**SUPPLIED INFORMATION**
==========

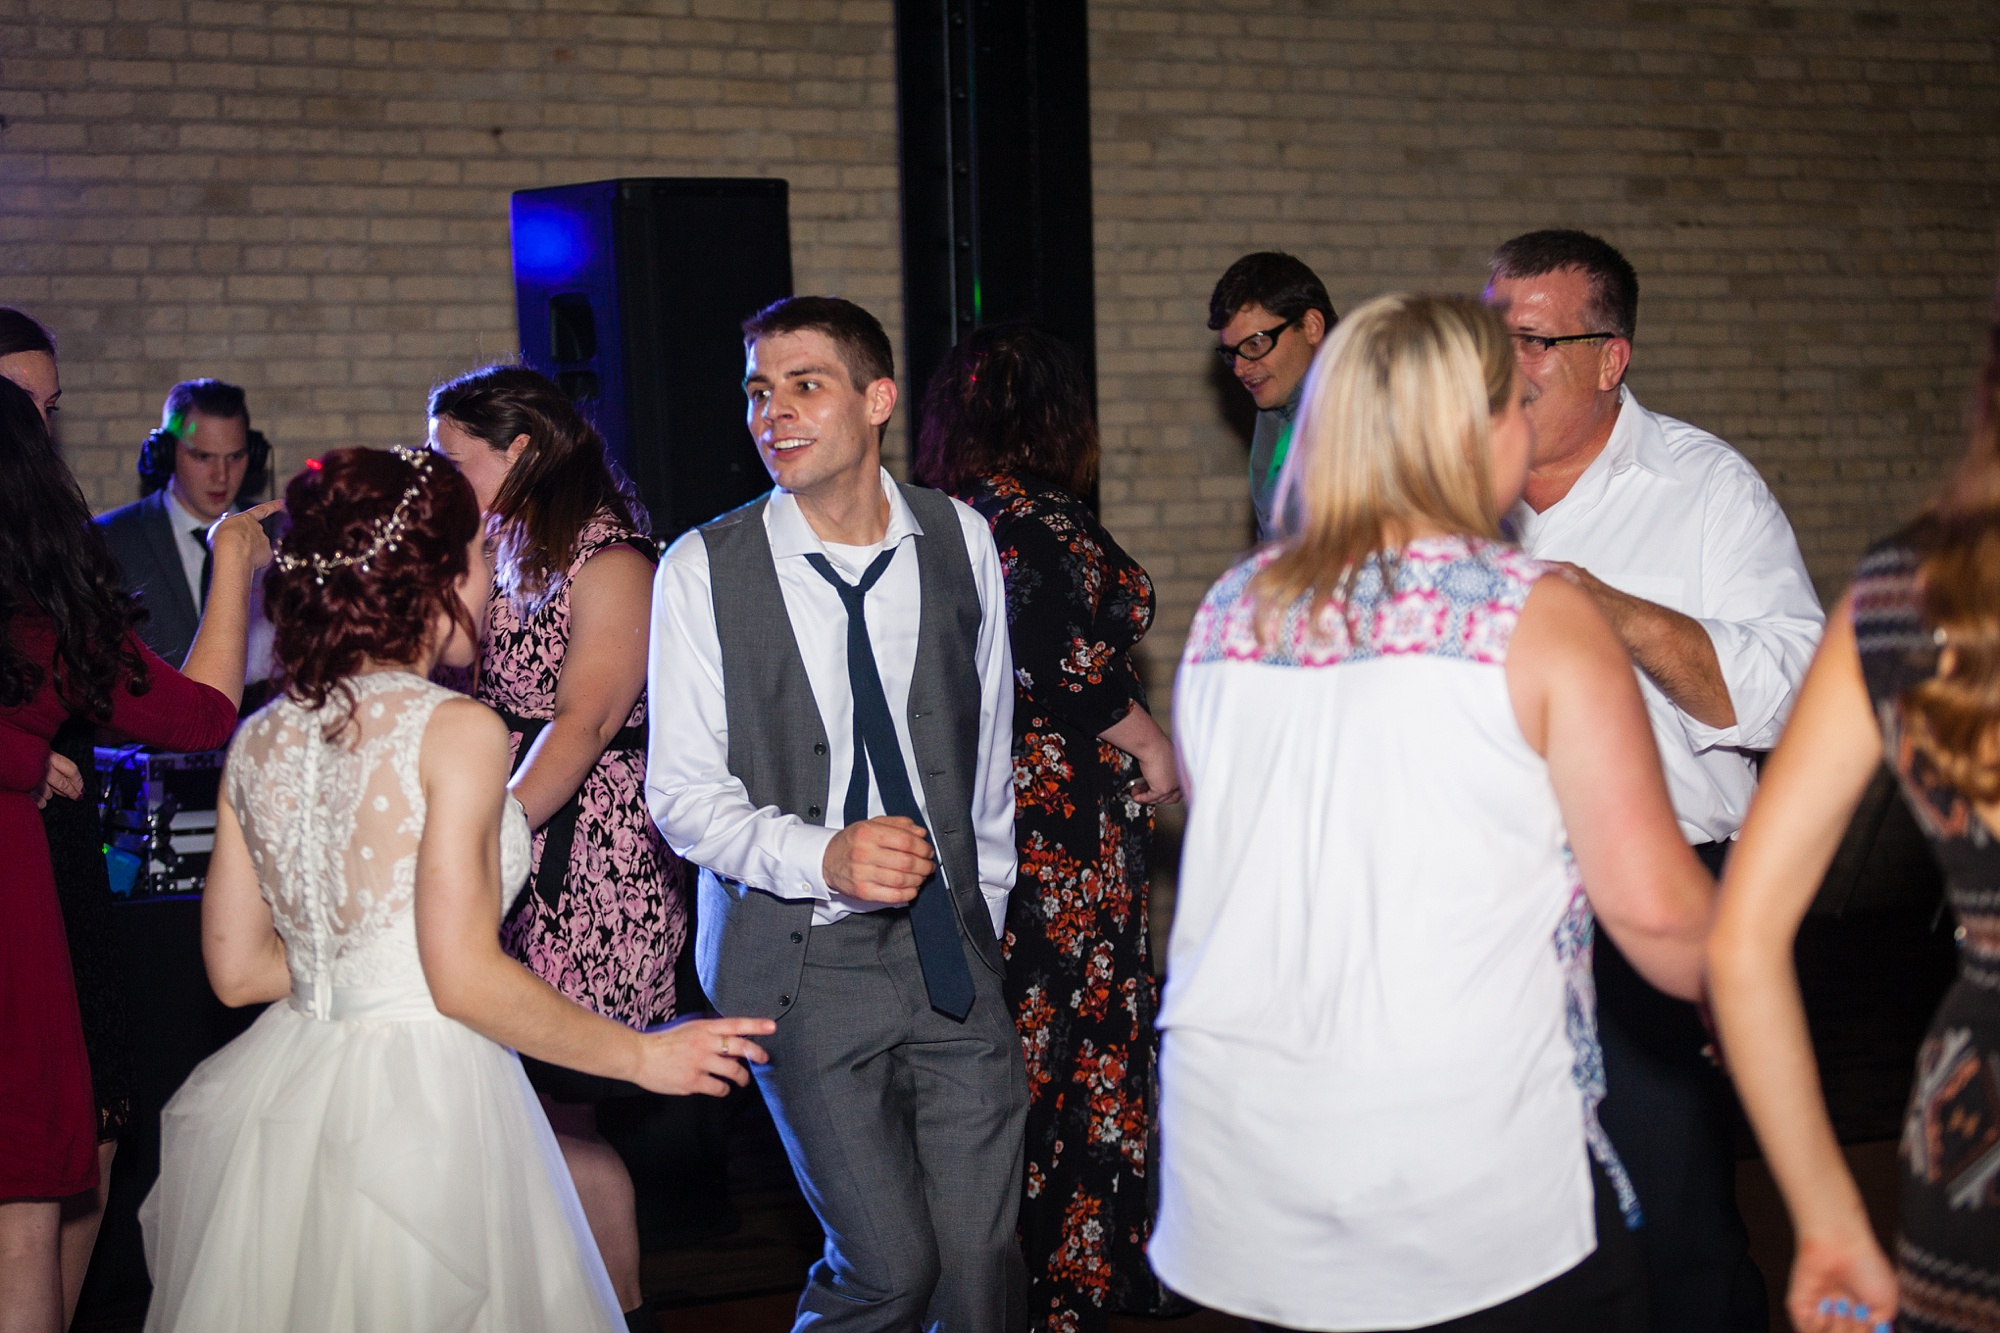 Brandon_Shafer_Photography_Lauren_Ethan_New_Vintage_Place_Grand_Rapids_Wedding_0057.jpg
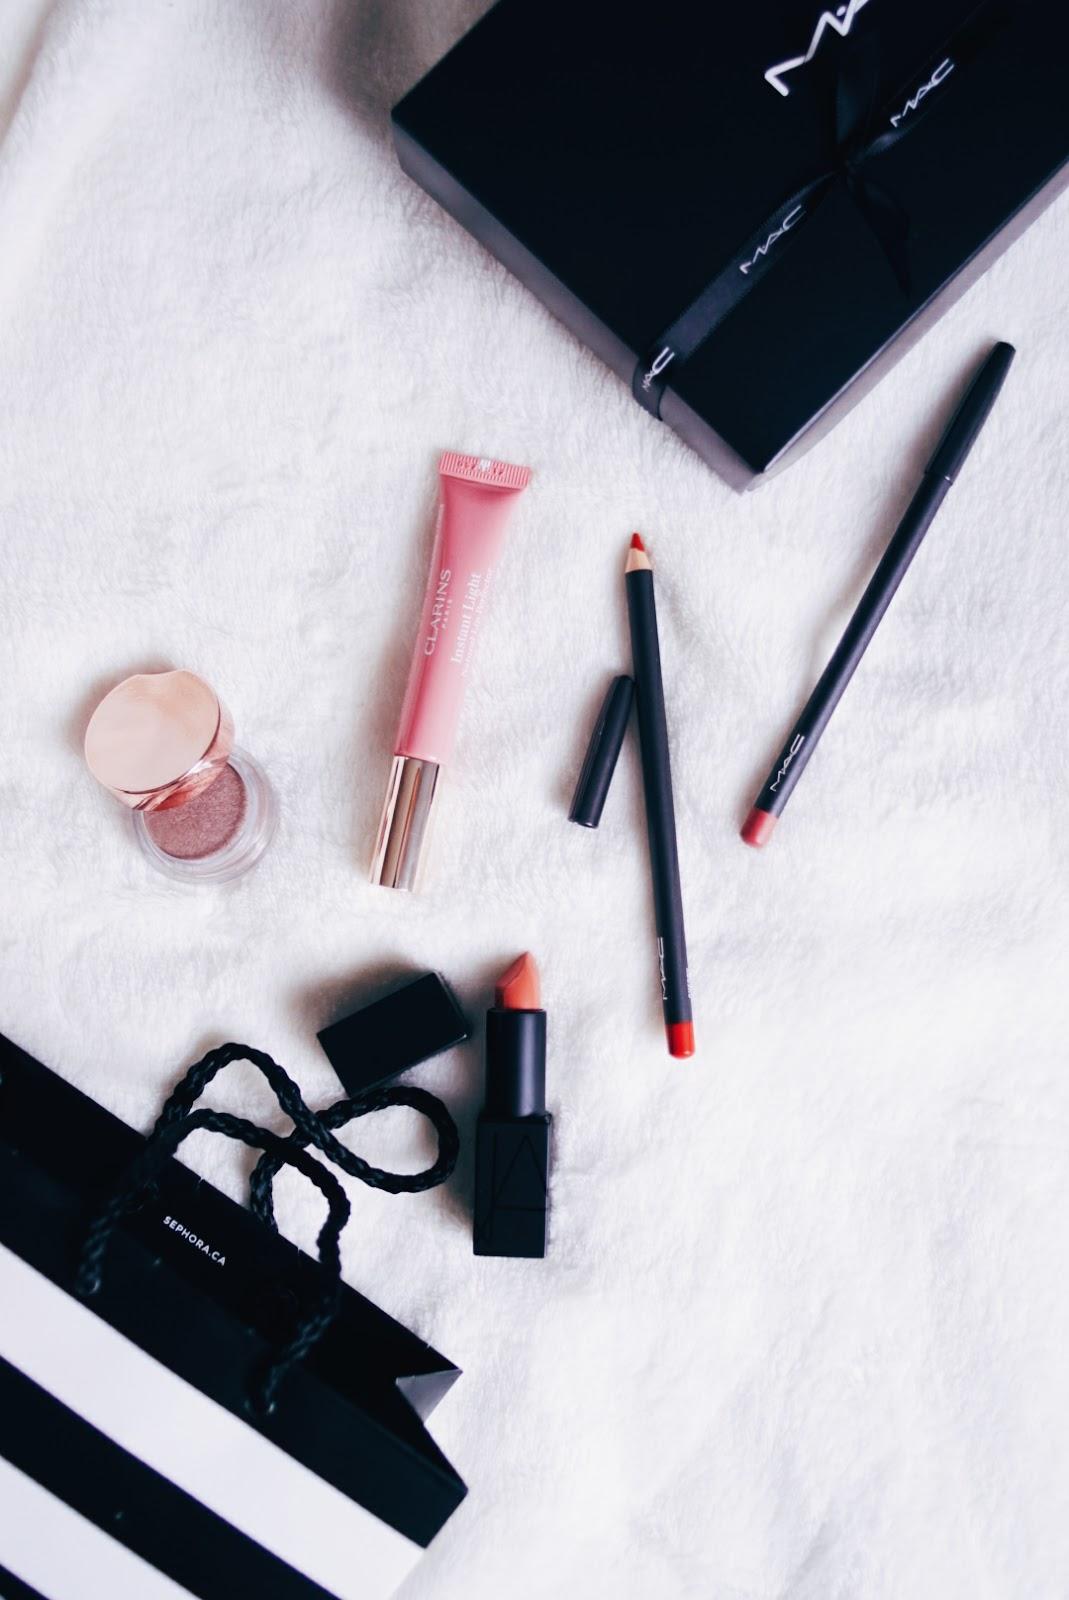 Clarins Spring 2016 Collection, Clarins Instant Light Natural Lip Perfector, MAC Lip Pencils, MAC Soar, MAC Cherry, NARS Audacious Lipstick, NARS Barbara
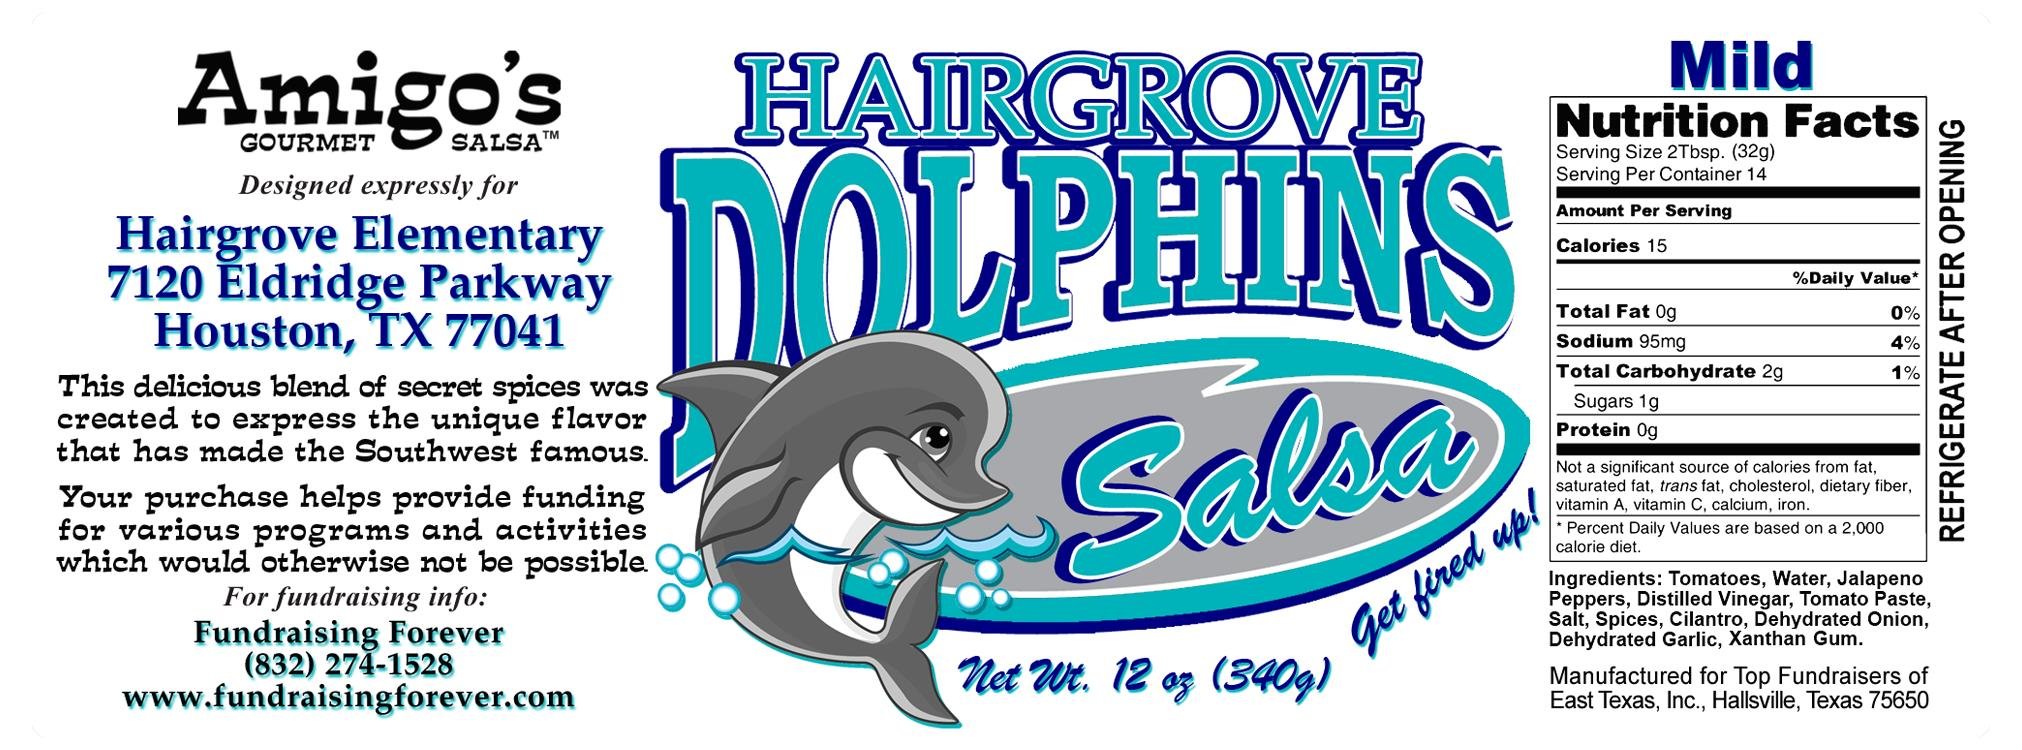 Hairgrove Elementary Dolphins Jar Label MILD.jpg
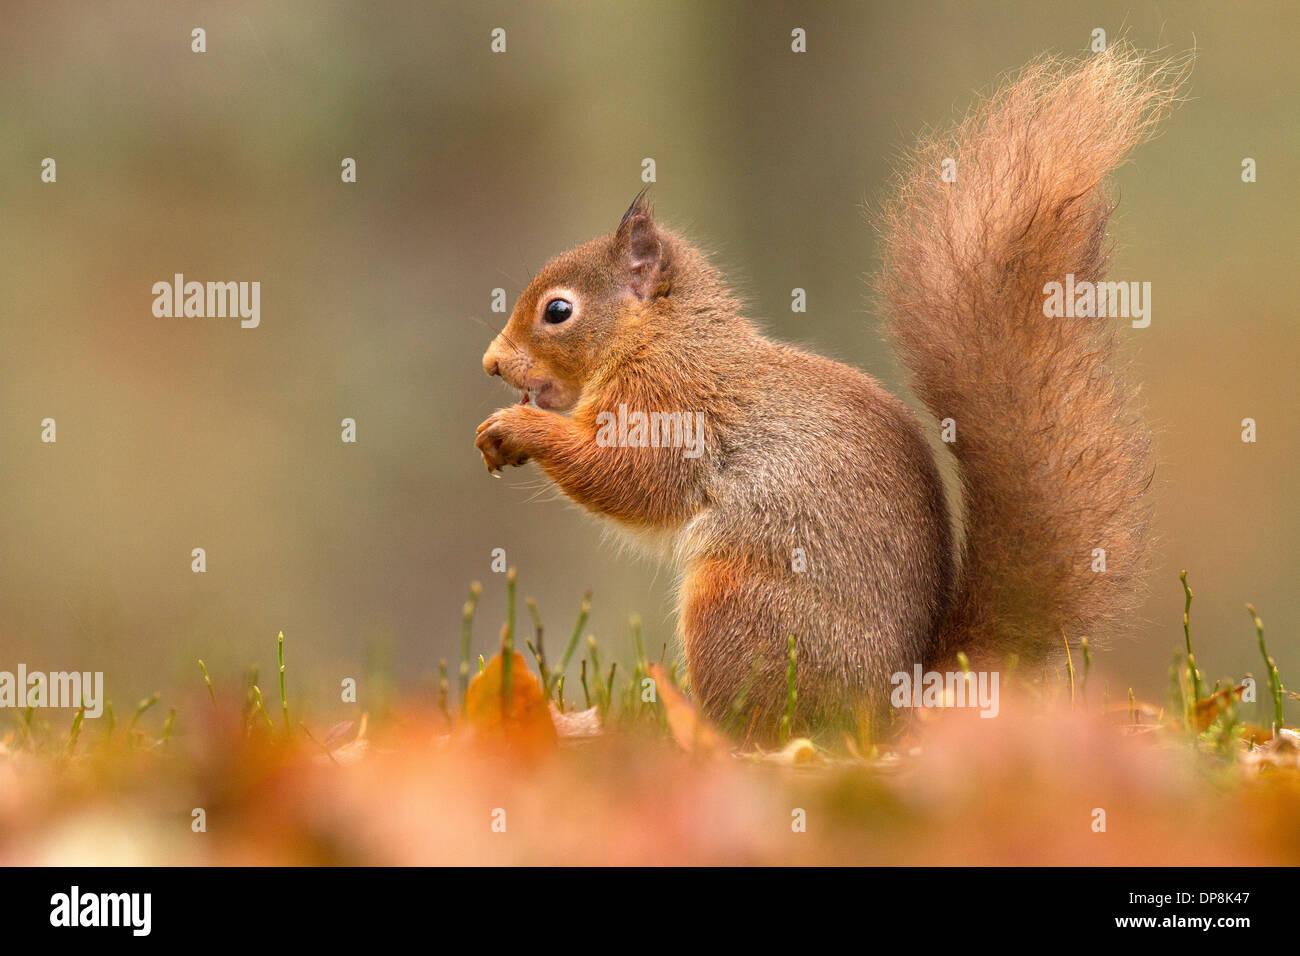 Red Squirrel, Sciurus vulgaris on the ground feeding - Stock Image

==========

**WORK TO COMPLETE**
Give the material above again exactly as it stands, minus any images.

**SOLVED PROBLEM**
 Brandon_Shafer_Photography_Lauren_Ethan_New_Vintage_Place_Grand_Rapids_Wedding_0057.jpg
 Clarins Spring 2016 Collection, Clarins Instant Light Natural Lip Perfector, MAC Lip Pencils, MAC Soar, MAC Cherry, NARS Audacious Lipstick, NARS Barbara
 Hairgrove Elementary Dolphins Jar Label MILD.jpg
 Red Squirrel, Sciurus vulgaris on the ground feeding - Stock Image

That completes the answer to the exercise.